Landlords in denial as deflation beckons
Economists warn double digit house price inflation is about to turn into double digit house price deflation, almost overnight. Some landlords are even being advised to get out as population growth stops and spiralling unemployment pressures rents lower
Economists have predicted a world of pain for property owners: house prices dropping by double digit percentages and a rental market that doesn't look much better.
Treasury has developed scenarios of double-digit unemployment. Some investors believe if rents don't fall to match the reduced incomes of tenants the conversion of unneeded office blocks to residential apartments or a flood of Airbnbs might do the job.
New Zealand Property Investors' Federation President Sharon Cullwick said she had also given this stark warning to fellow investors:
"Make a decision now on whether you can afford to keep your investments," Cullwick said.
"And stick with it. If it means you've got to get out of the market then get out of the market, but know that you can get back in later," she said.
Kiwibank economist Jarrod Kerr has predicted house prices could fall by up to 10 percent this year. Or almost 20 percent in a "downside" scenario.
Infometrics economist Paul Barkle had a similar prediction of a 5-10 percent decline. He said an oversupply of housing was on the cards with border closures leading to a "massive" slowdown in population growth. ANZ has forecast house price deflation of 10-15 percent, although that would only take prices back to where they were 12 to 18 months ago.
Rents could be on their way down too, Barkle said.
Two factors could contribute to this. More offices would likely be converted into residential space, but those conversions would take more than a year to come into play, he said.
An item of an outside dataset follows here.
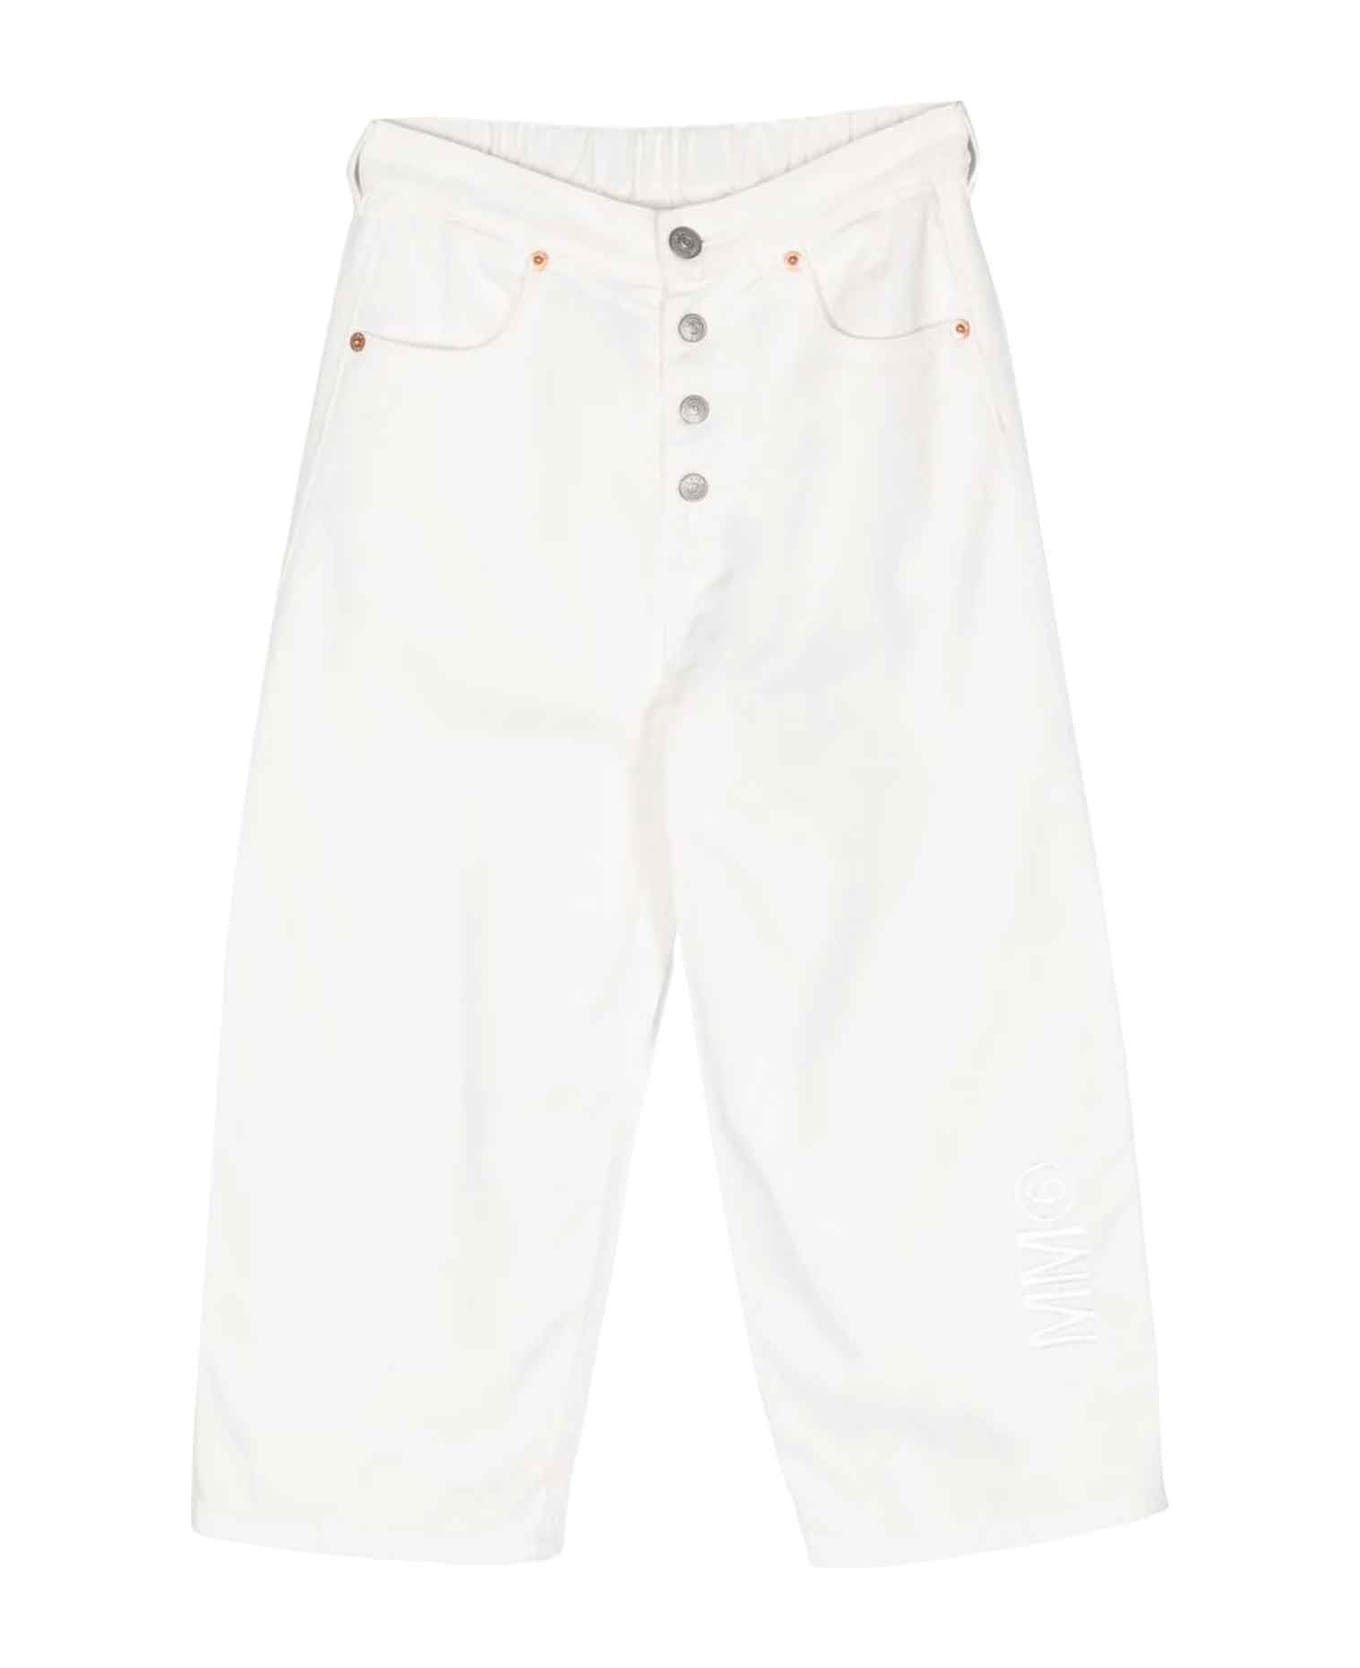 MM6 Maison Margiela White Trousers Unisex - Bianco ボトムス

A larger factor in the short term was former Airbnb properties that would be put onto the open rental market.
"This increase in rental properties is primarily due to houses shifting from short-term holiday rentals to longer-term rentals due to the collapse in tourism," Barkle said.
"The increase in supply coupled with tenants' limited ability to pay rent will push rents down," he said.
Landlords in denial
Real iQ property manager David Faulkner, who trains property managers around the country, is a landlord and property manager himself. He used to watch The Big Short every once in a while just to remind himself that house prices could go both down and up.
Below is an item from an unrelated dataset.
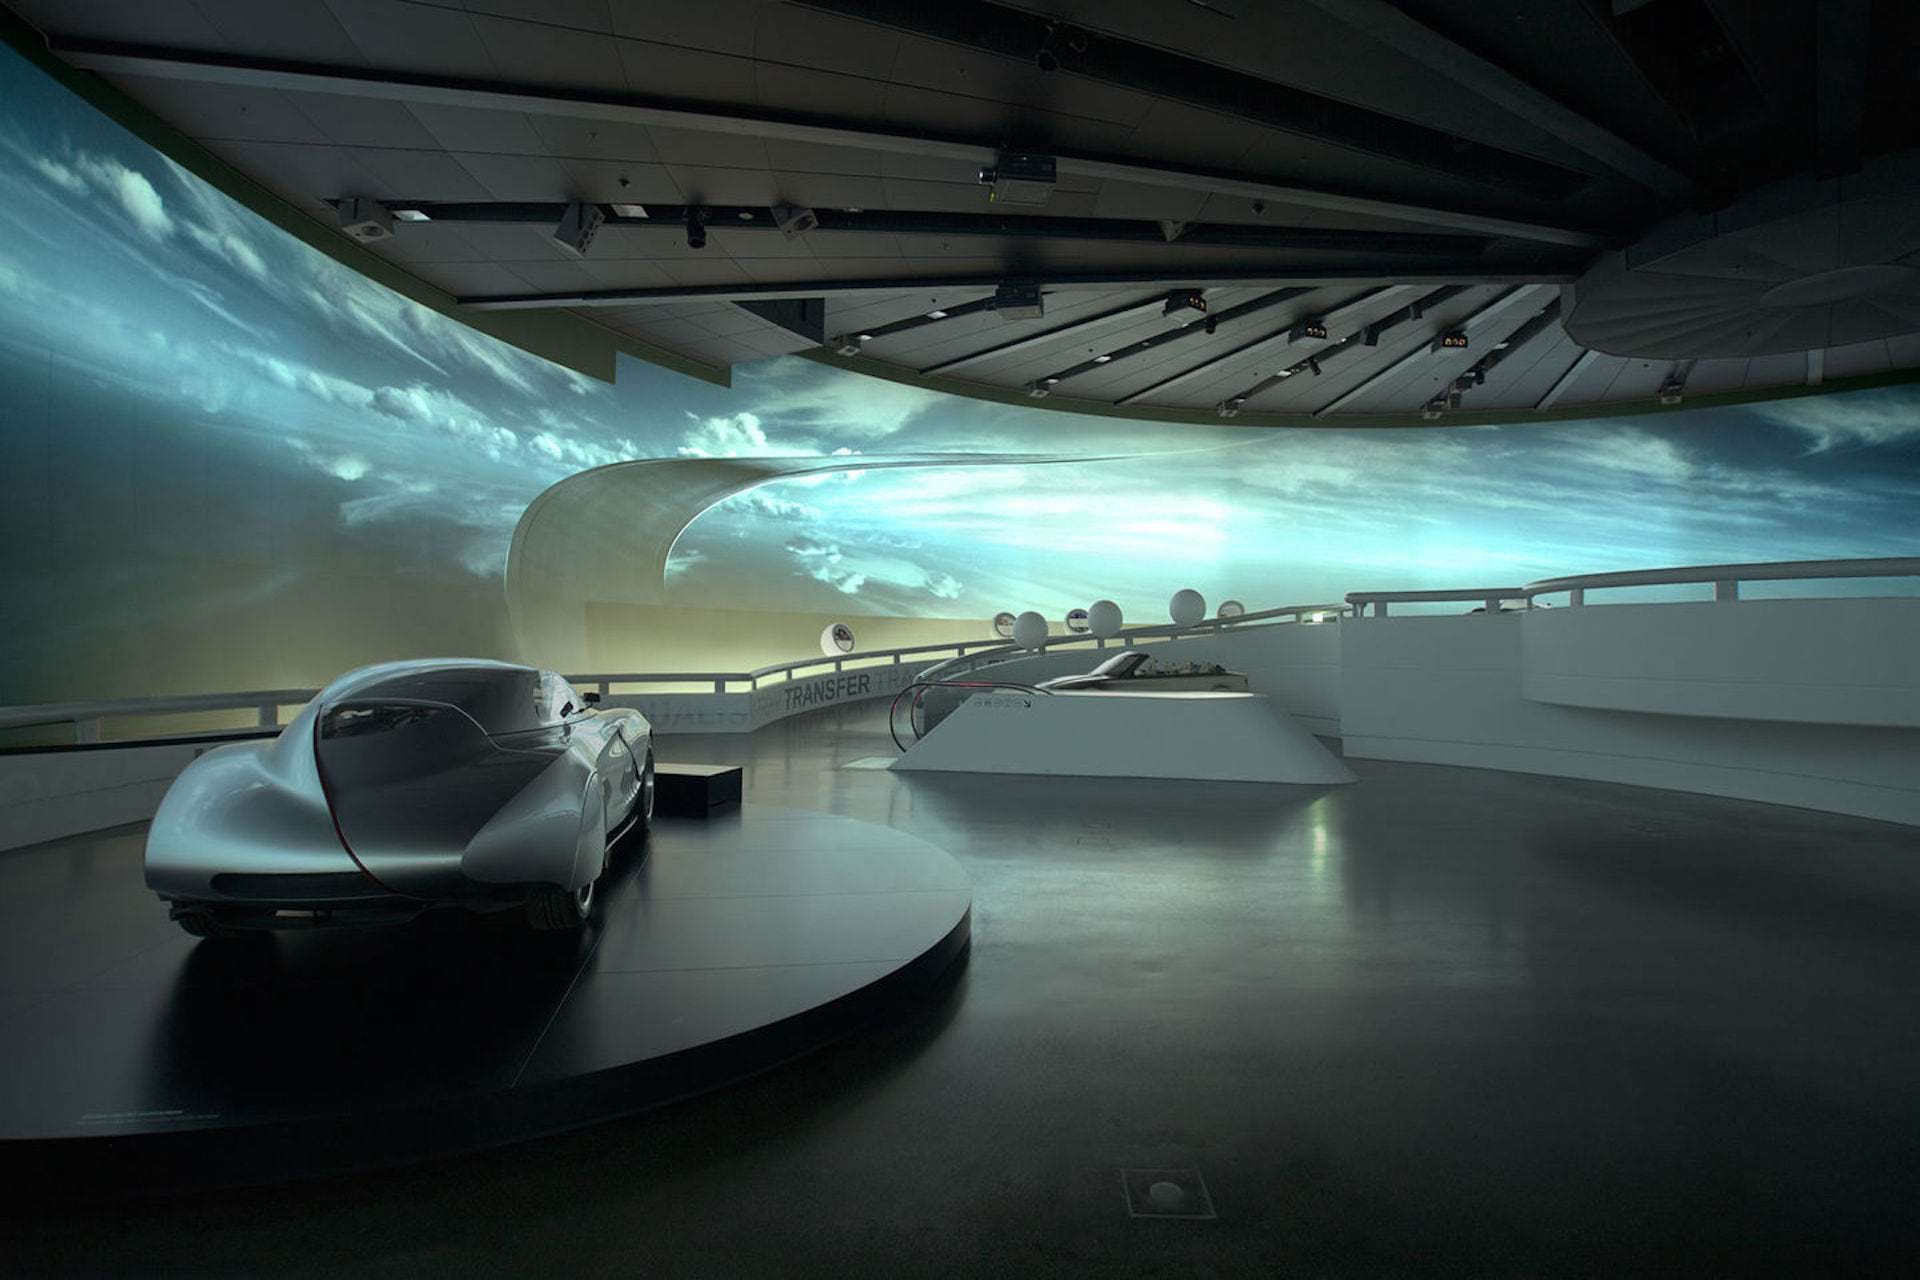 德国慕尼黑 BMW 博物馆的展览

"Queenstown literally became like Greymouth overnight. You know, it was that bad."
Faulkner said many landlords were in denial about the extent to which incomes, rents, Airbnb demand, and house prices would be affected by Covid-19. Some had even suggested domestic tourism demand would take the place of international demand.
"I won't say they're delusional but they haven't grasped what's happening yet," Faulkner said.
"A lot of New Zealanders are going to be unemployed ... they're going to be saving money," he said.
"They're not going to go to Queenstown. They're going to go to Foxton."
Faulkner started hearing about how bad that pain could get after borders closed and businesses started shutting up shop.
In Queenstown, one company experienced a steady stream of tenants coming into its office the day after the borders closed. They handed in their keys and walked out.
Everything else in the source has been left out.